During the framers’ debates over charges considered grounds for impeachment during the Constitutional Convention in 1787, the authors determined that the phrasing of “treason and bribery” alone was not enough to encompass impeachable offences, and they settled on the inclusion of “high crimes and misdemeanours” to establish a broad definition that supplants ordinary criminality.

Alexander Hamilton, in his Federalist papers, had defined impeachment as a “method of national inquest into the conduct of public men” alleged to have violated the public trust,” adapting a concept introduced to the colonies from England, which established impeachment proceedings as early as the 14th century to hold royal advisers to public account.

Even at the time of the framers’ Constitutional Convention, Parliament was beginning the impeachment proceedings around British governor Warren Hastings, who was eventually acquitted.

The process begins with the House of Representatives.

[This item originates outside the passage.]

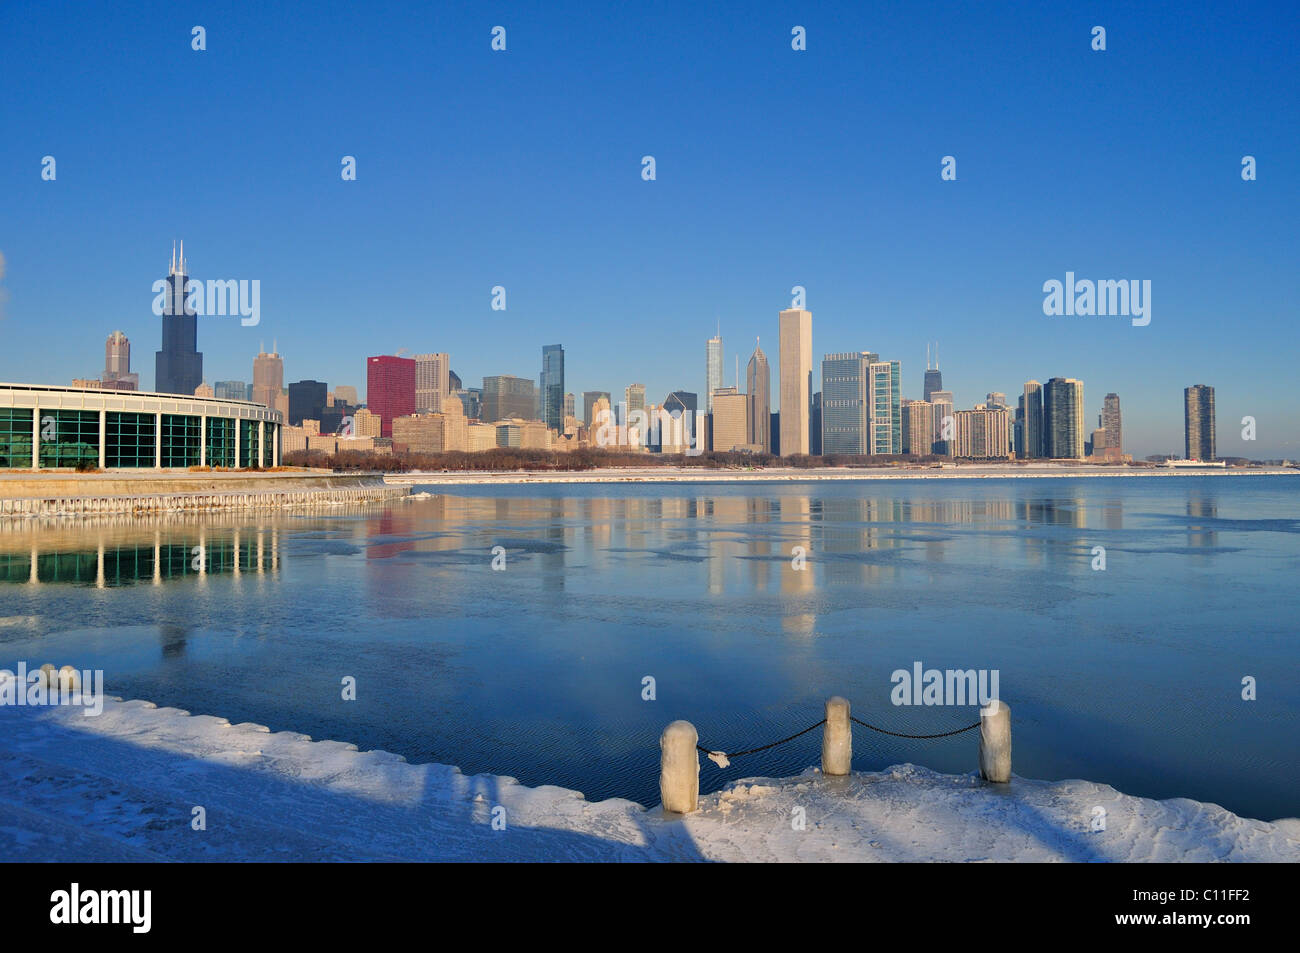 Ice forming in the lakefront harbors of Lake Michigan reflect the city skyline on a very cold December morning. Chicago, Illinois, USA. Stock Photo

A member of Congress can introduce a resolution, or the House can agree to begin an investigation to determine the grounds for impeachment through an investigative or exploratory process led by the House Judiciary committee.

An impeachment trial can be approved by a simple majority vote.

In the House, roughly 227 Democrats and one independent from the 435-member Congress could be likely to support articles of impeachment.

If Congress votes to support articles of impeachment, or “impeaches”, the president will face the US Senate, which acts as the court for trial in the removal proceedings.

The chief justice of the US Supreme Court presides over that trial. In this case, that’s Chief John Roberts.

A group of Senate representatives called “managers” act as the trial’s prosecutors. A trial consists of evidentiary hearings, witness testimonials and examination.

The constitution says “the Senate shall have the sole Power to try all Impeachments … [but] no person shall be convicted without the Concurrence of two-thirds of the Members present.”

The 100-member Senate includes 53 Republicans, 45 Democrats and two independents, largely voting along Democrat lines. A two-thirds vote would require at least 20 Republicans to side with Democrats and independents to convict the president.

The Senate also notes that, in some cases, it could also disqualify officials found guilty from holding public offices in the future.

The Constitution also opens impeachment to the vice president and “all civil officers” in the US.

The House has initiated impeachment proceedings more than 60 times, but fewer than a third have moved to a trial.

From as early as 1799, the Senate has conducted 19 impeachment trials, including the impeachment attempts of two presidents — Andrew Johnson in 1868 and Bill Clinton in 1999. Neither was found guilty. (President Richard Nixon resigned from office in 1974 as Congress prepared to vote on his impeachment, which was nearly certain following the release of tapes linking his obstruction of justice and complicity in the Watergate scandal.)

Since 1789, about half of Senate impeachment trials have resulted in conviction and removal from office.

A successful conviction would result in the president’s removal of office — fines and potential jail time for crimes committed while in office would be determined in civil courts.